▶ [Your objective] Drop every image, then reproduce the data exactly as given.

── Input data ──

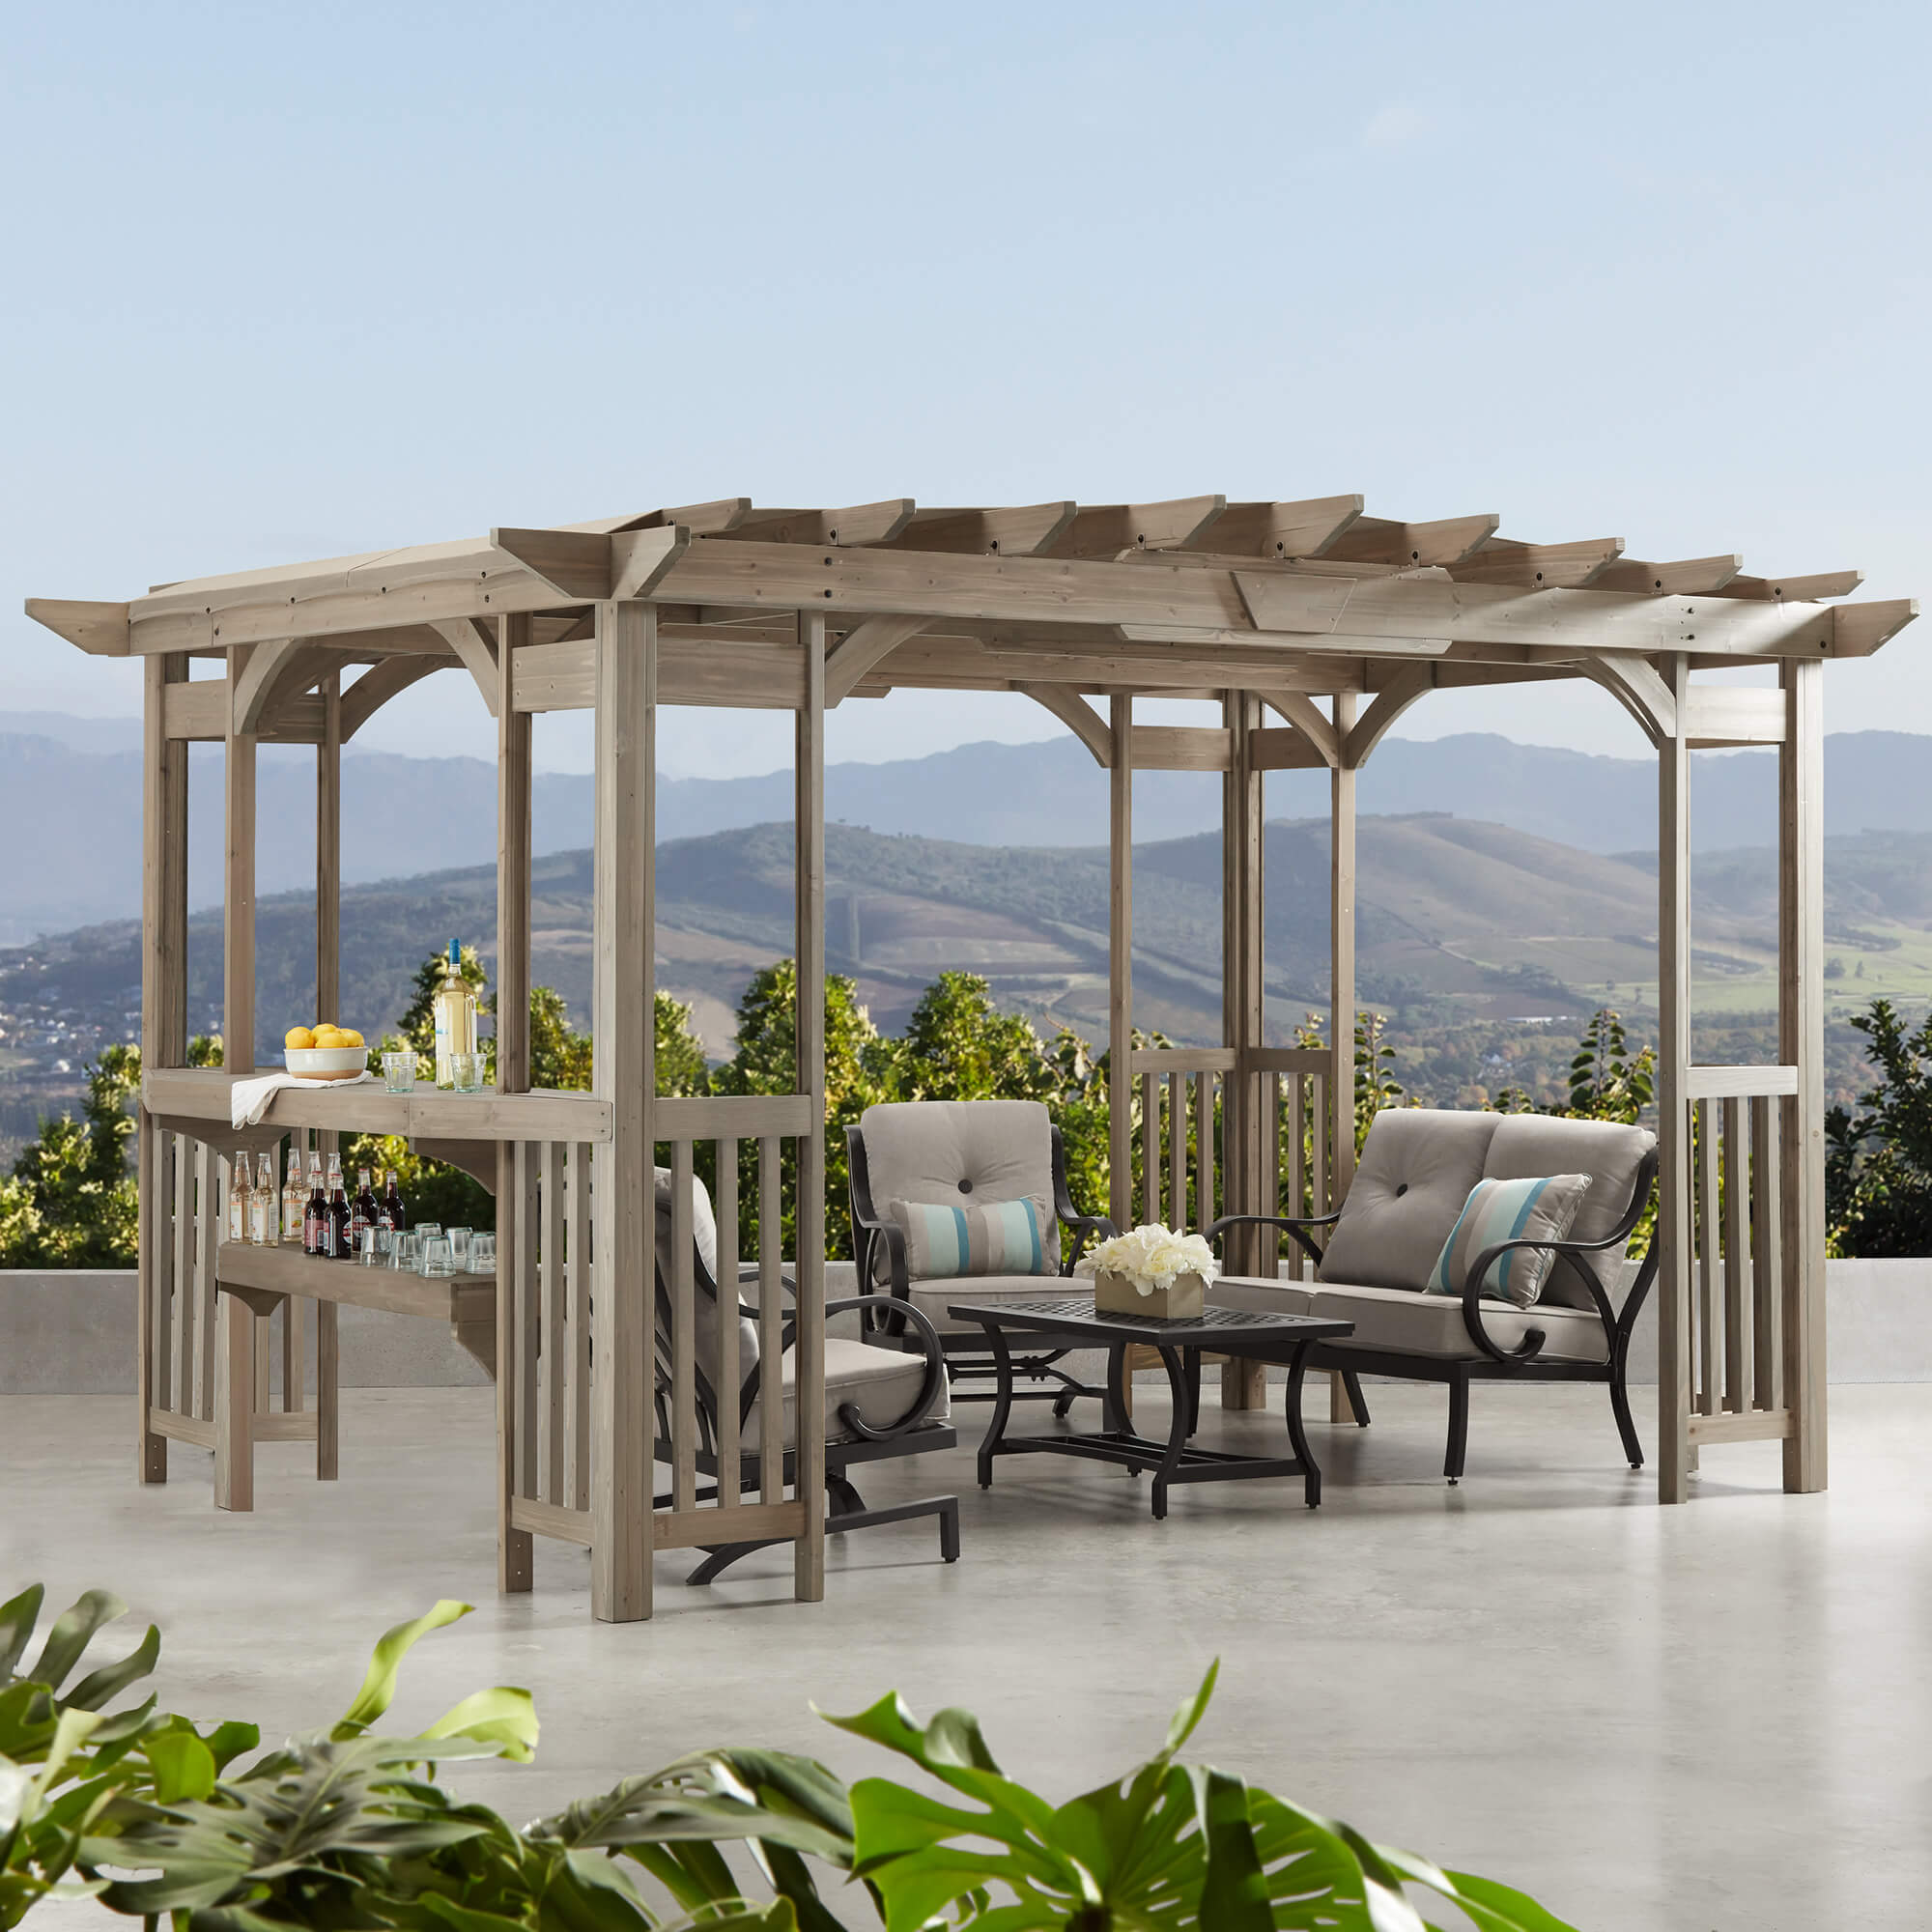 Yardistry Madison Cedar Pergola in Timber Gray, size 10 x 14, beautifully showcased on a panoramic terrace with a stunning mountainous background, perfect for luxurious outdoor lounging.
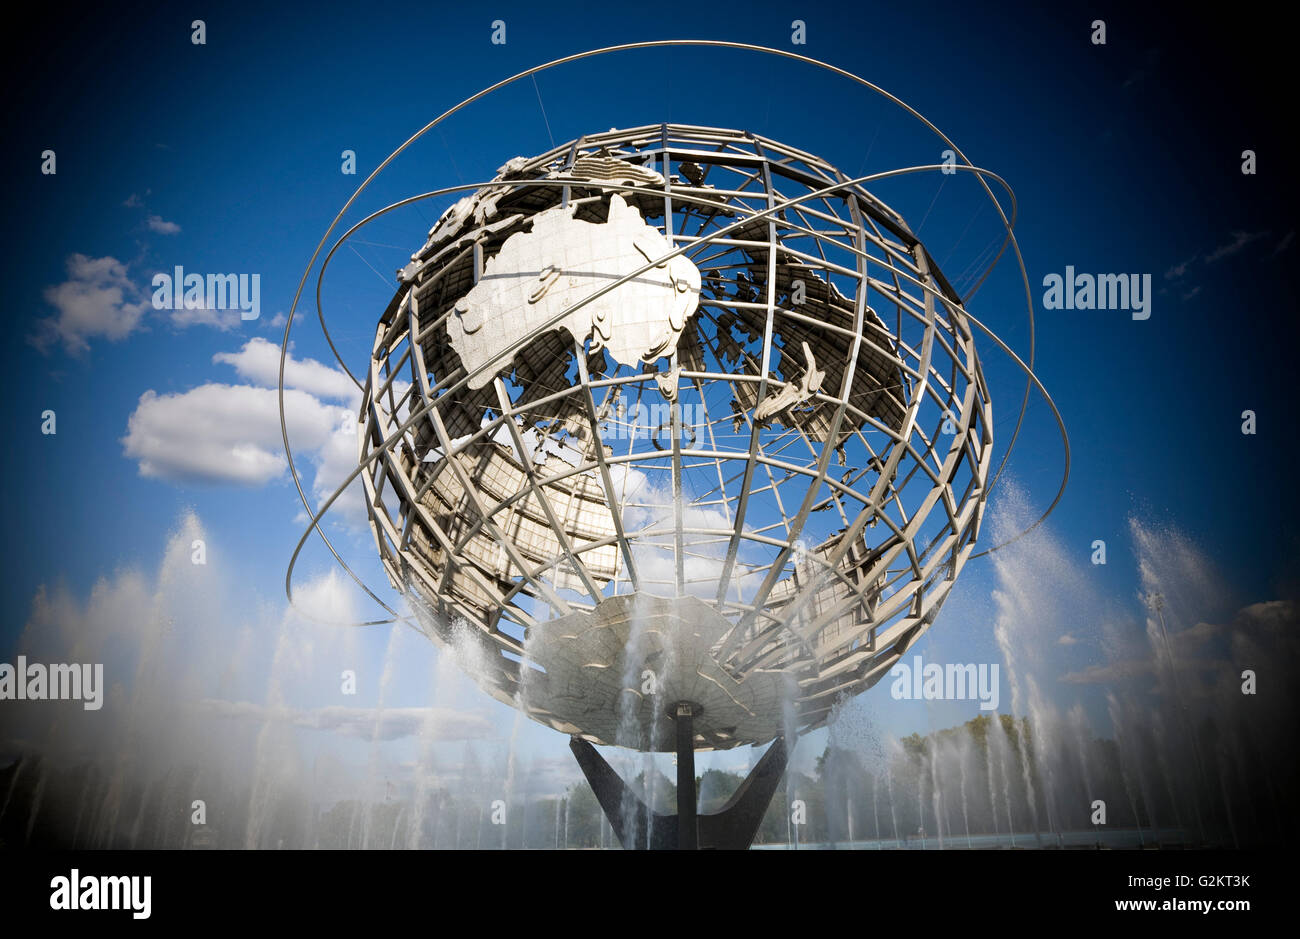 Unisphere Sculpture, Low Angle View, Flushing Meadows-Corona Park, Queens, New York City, USA Stock Photo
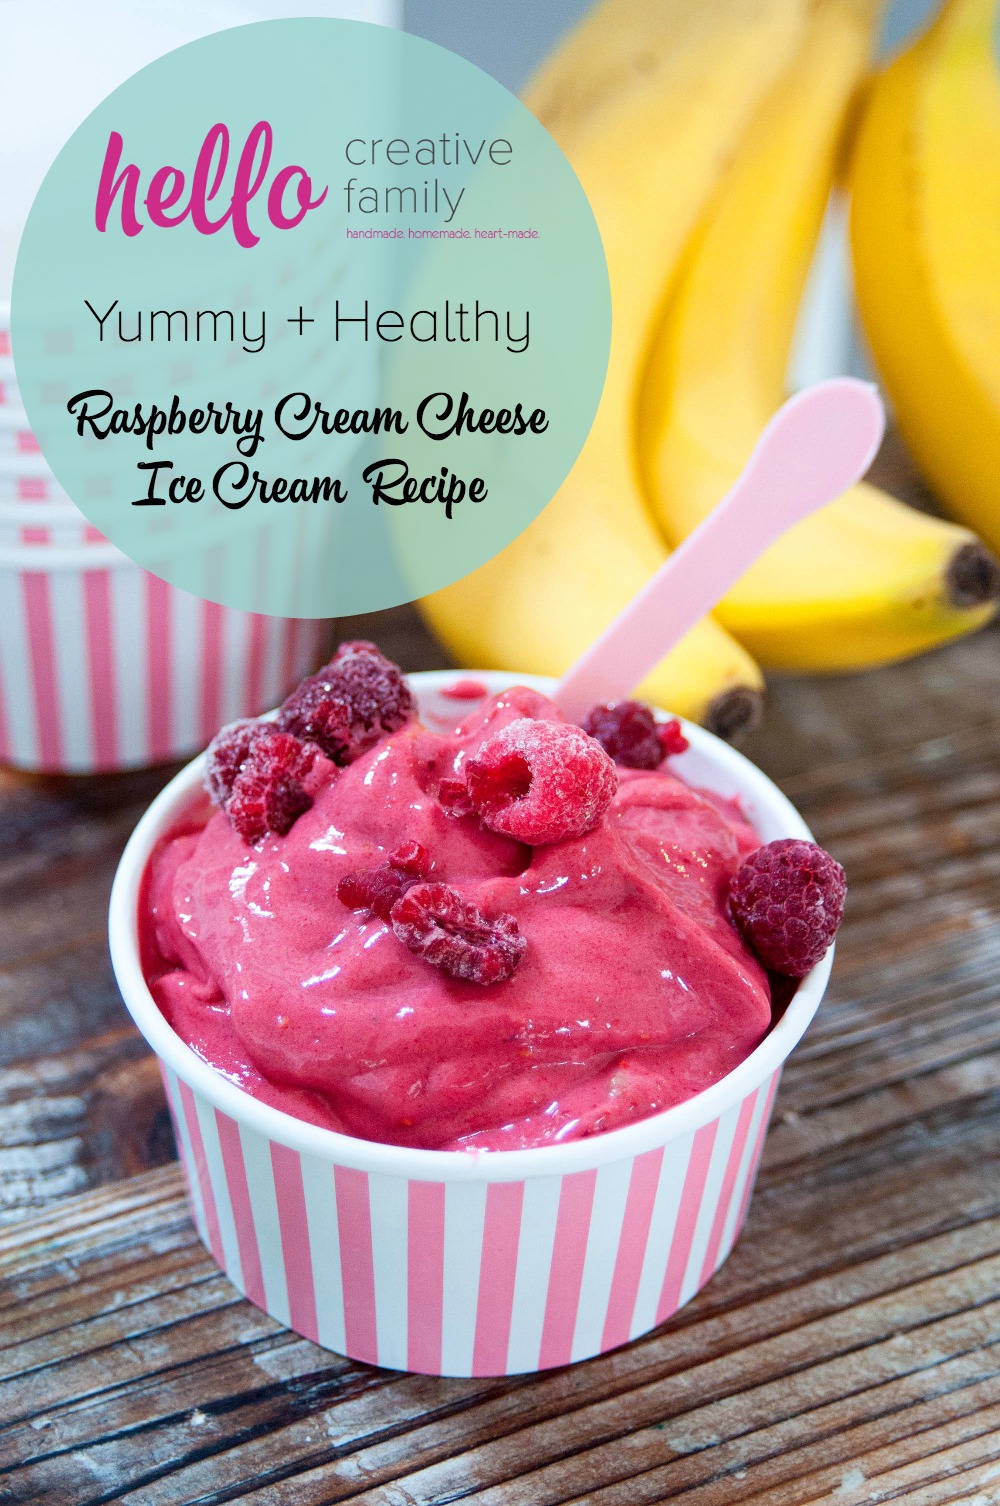 Looking for a delicious summer treat that is good for the waistline? Check out this Healthy Raspberry Cream Cheese Ice Cream Recipe. It takes minutes to make and is super yummy.

───

▶ [Exercise response]
 Yardistry Madison Cedar Pergola in Timber Gray, size 10 x 14, beautifully showcased on a panoramic terrace with a stunning mountainous background, perfect for luxurious outdoor lounging.
 Unisphere Sculpture, Low Angle View, Flushing Meadows-Corona Park, Queens, New York City, USA Stock Photo
 Looking for a delicious summer treat that is good for the waistline? Check out this Healthy Raspberry Cream Cheese Ice Cream Recipe. It takes minutes to make and is super yummy.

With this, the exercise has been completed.